In futuro sarà possibile inserire nel sistema anche persone che hanno ottenuto o stanno richiedendo un visto o un permesso di soggiorno di lunga durata. Questi documenti garantiscono la libera circolazione delle persone all'interno dell'area Schengen. L'età minima per il rilevamento delle impronte digitali sarà abbassata da dodici a sei anni, mentre l'obbligo sarà abolito per gli ultrasettantacinquenni. Inoltre, le immagini del volto saranno scattate direttamente sul posto per facilitare l'identificazione degli individui.

Il secondo disegno di legge mira a stabilire l'interoperabilità del Sistema europeo d'informazione e autorizzazione ai viaggi (ETIAS) con altri sistemi d'informazione Schengen. Richiede una modifica della legislazione svizzera e la creazione di nuove disposizioni in relazione alla procedura di ricorso ETIAS.

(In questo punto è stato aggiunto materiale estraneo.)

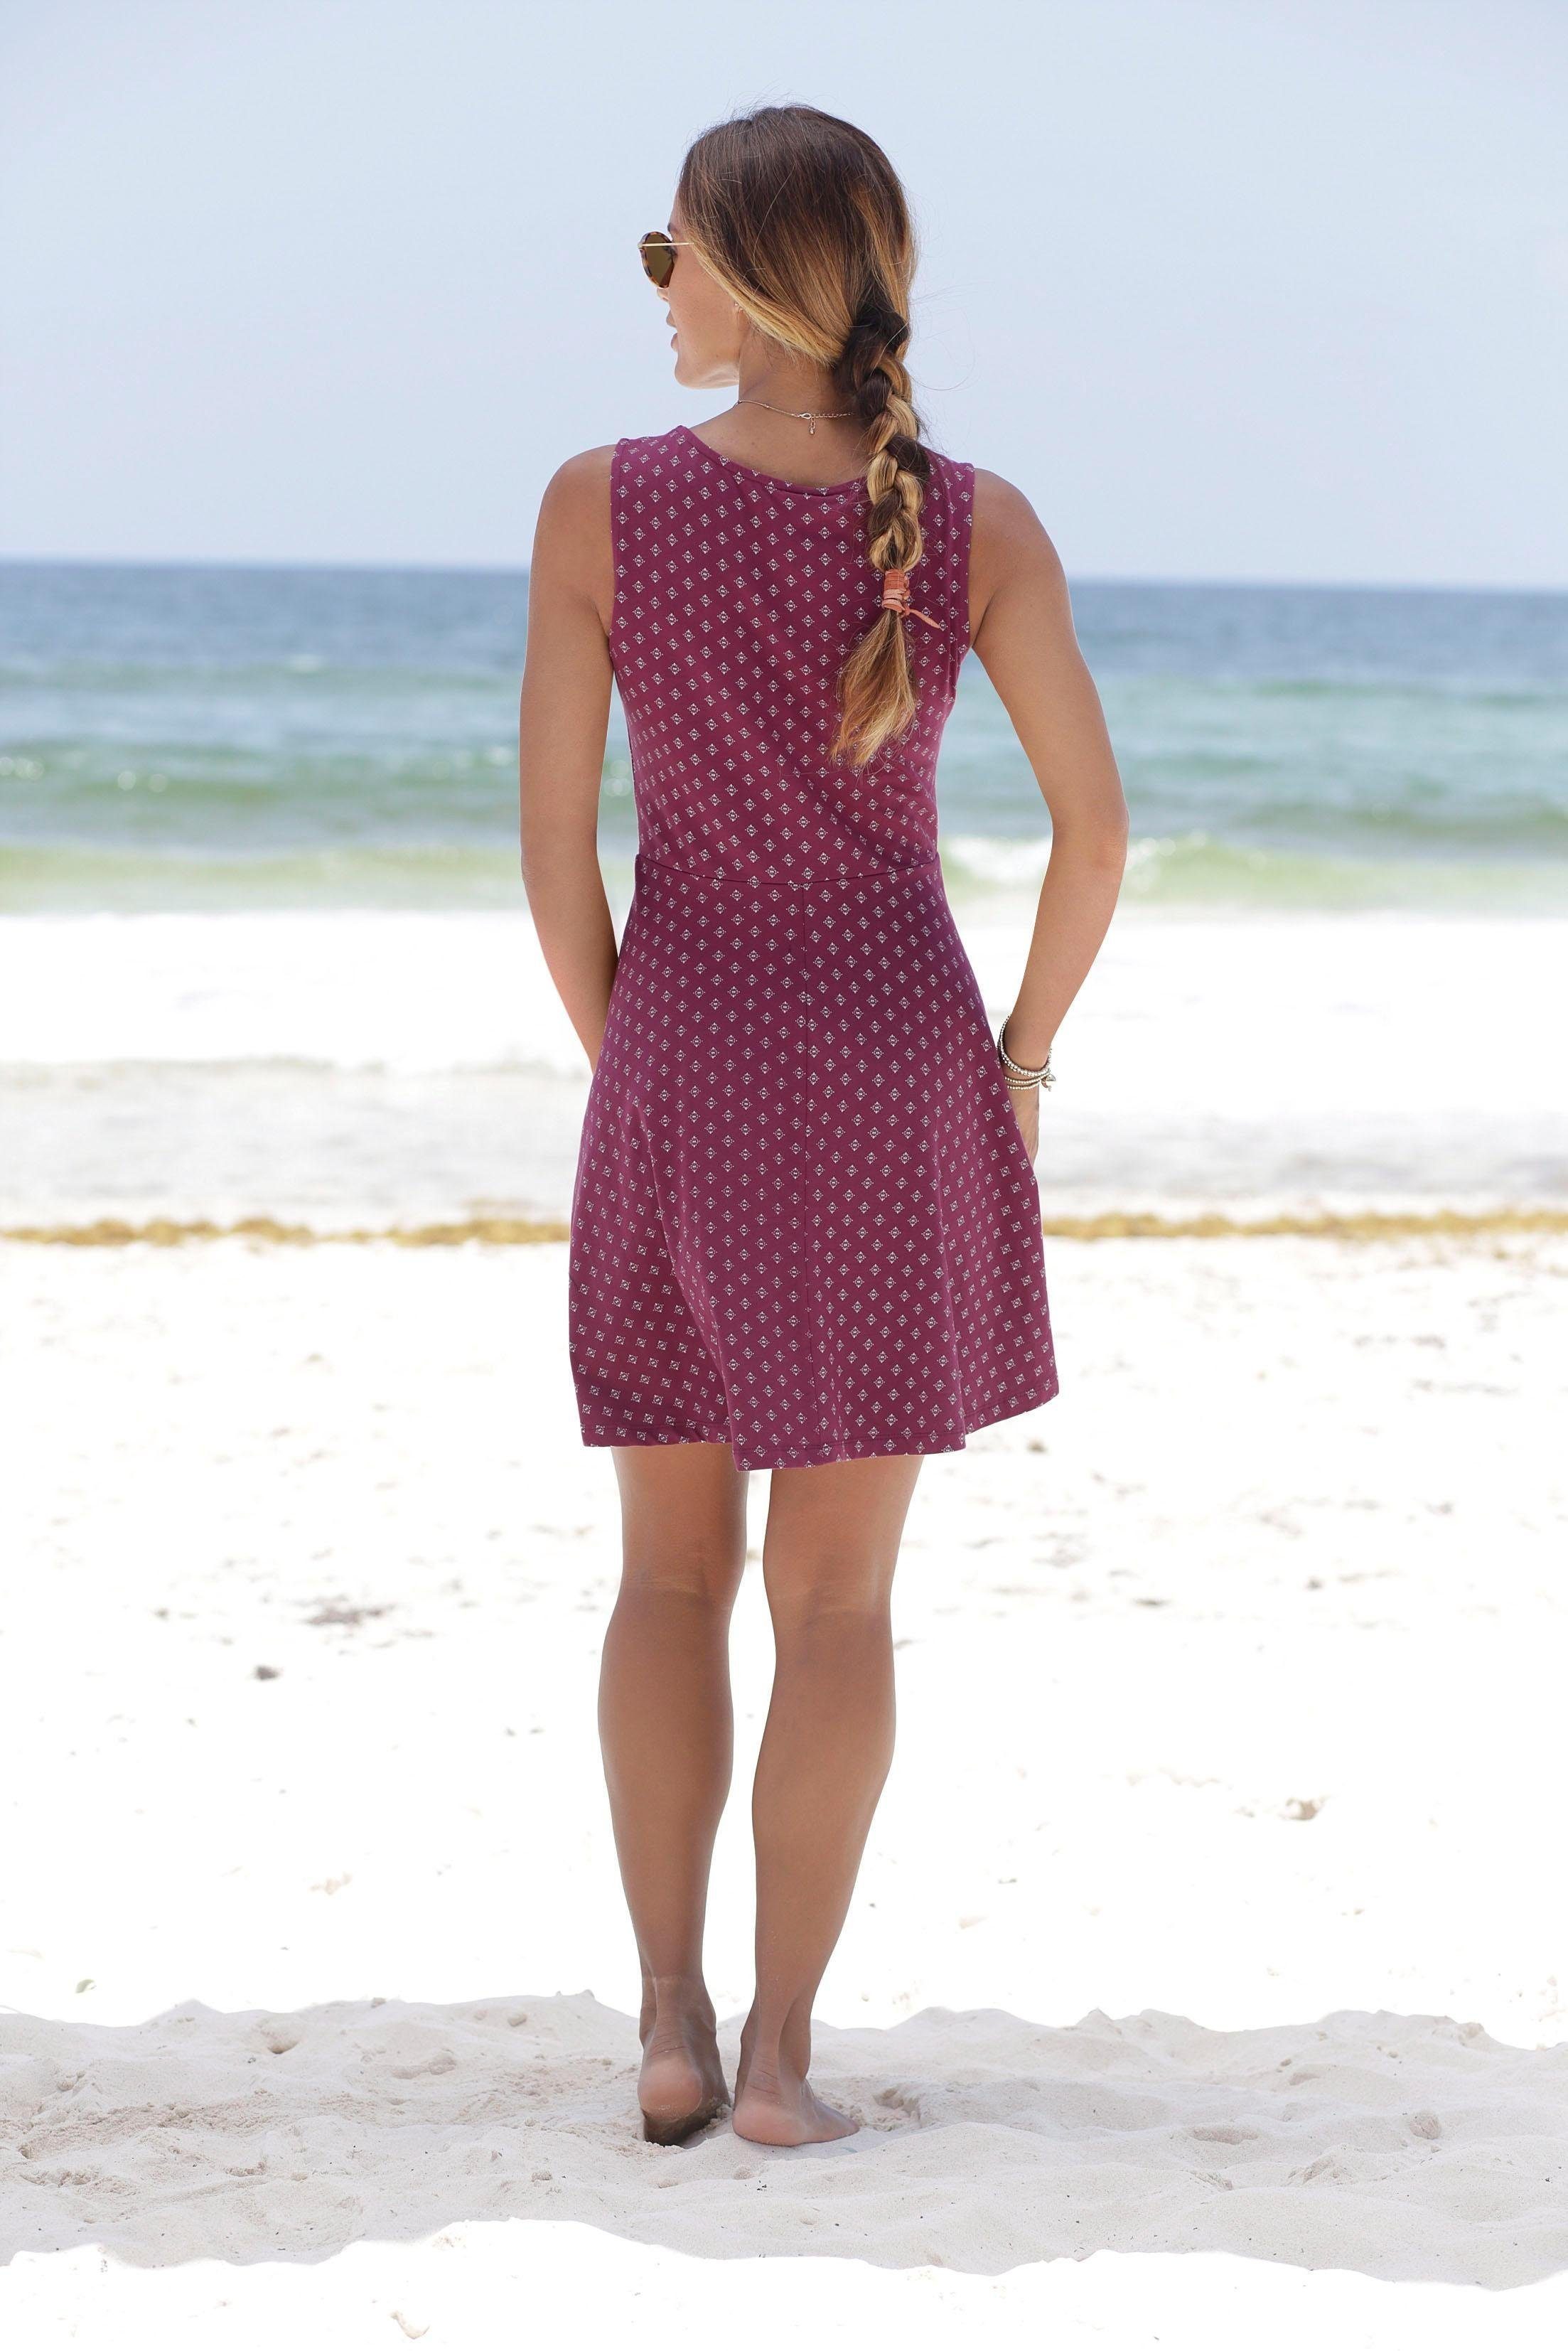 Beachtime Alloverdruck mit Strandkleid
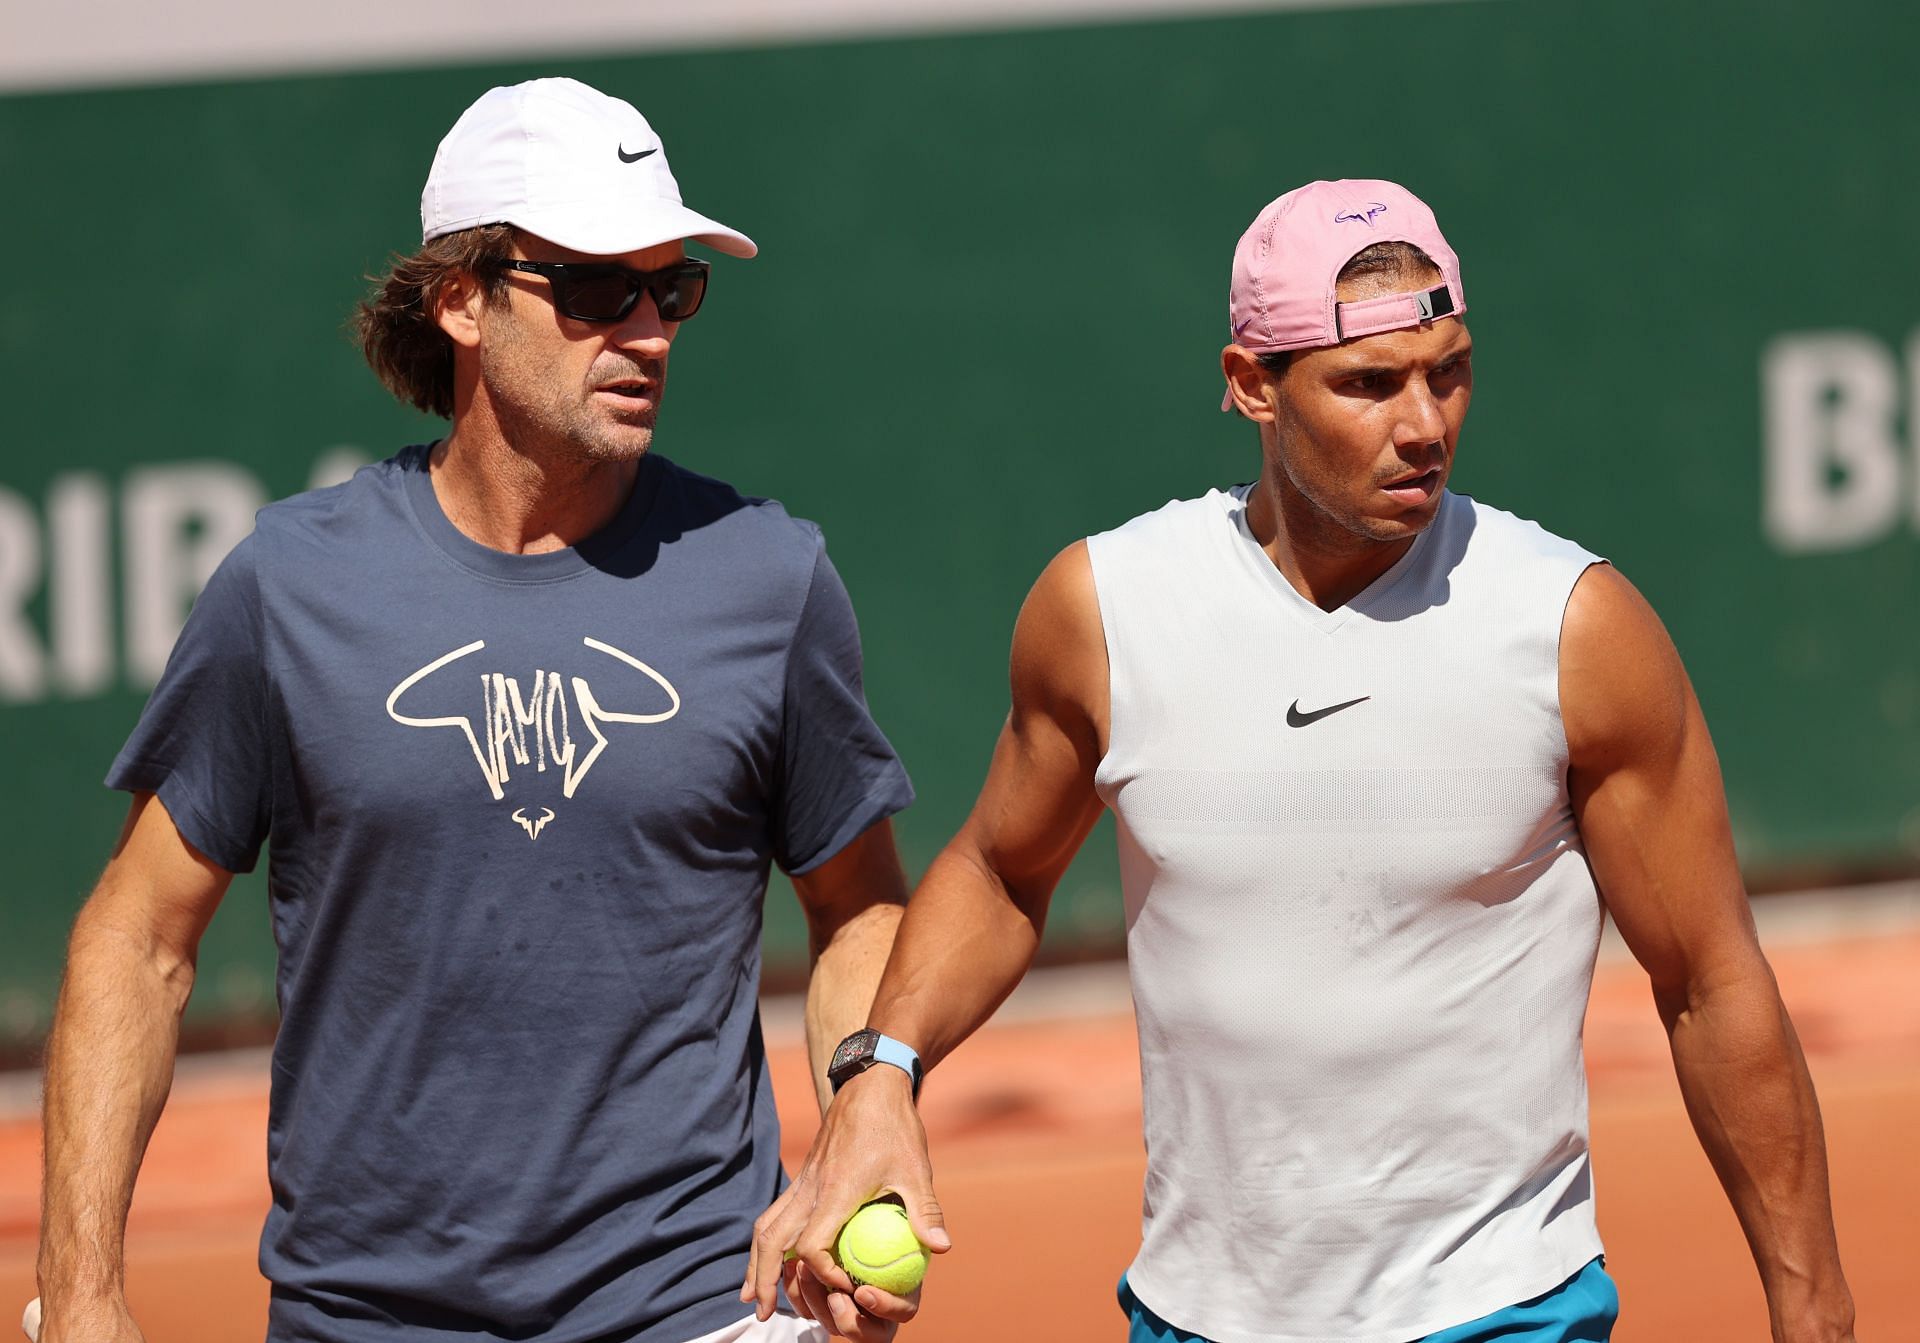 Carlos Moya and Rafael Nadal at the French Open 2021

Parallelamente, il Consiglio federale vuole autorizzare l'Ufficio federale delle dogane e della sicurezza dei confini (UFPP), in qualità di autorità di perseguimento penale, ad avere accesso all'elenco comune dei dati d'identità e ai dati dei tre sistemi d'informazione, il sistema di entrata e uscita (EES), l'ETIAS e il VIS.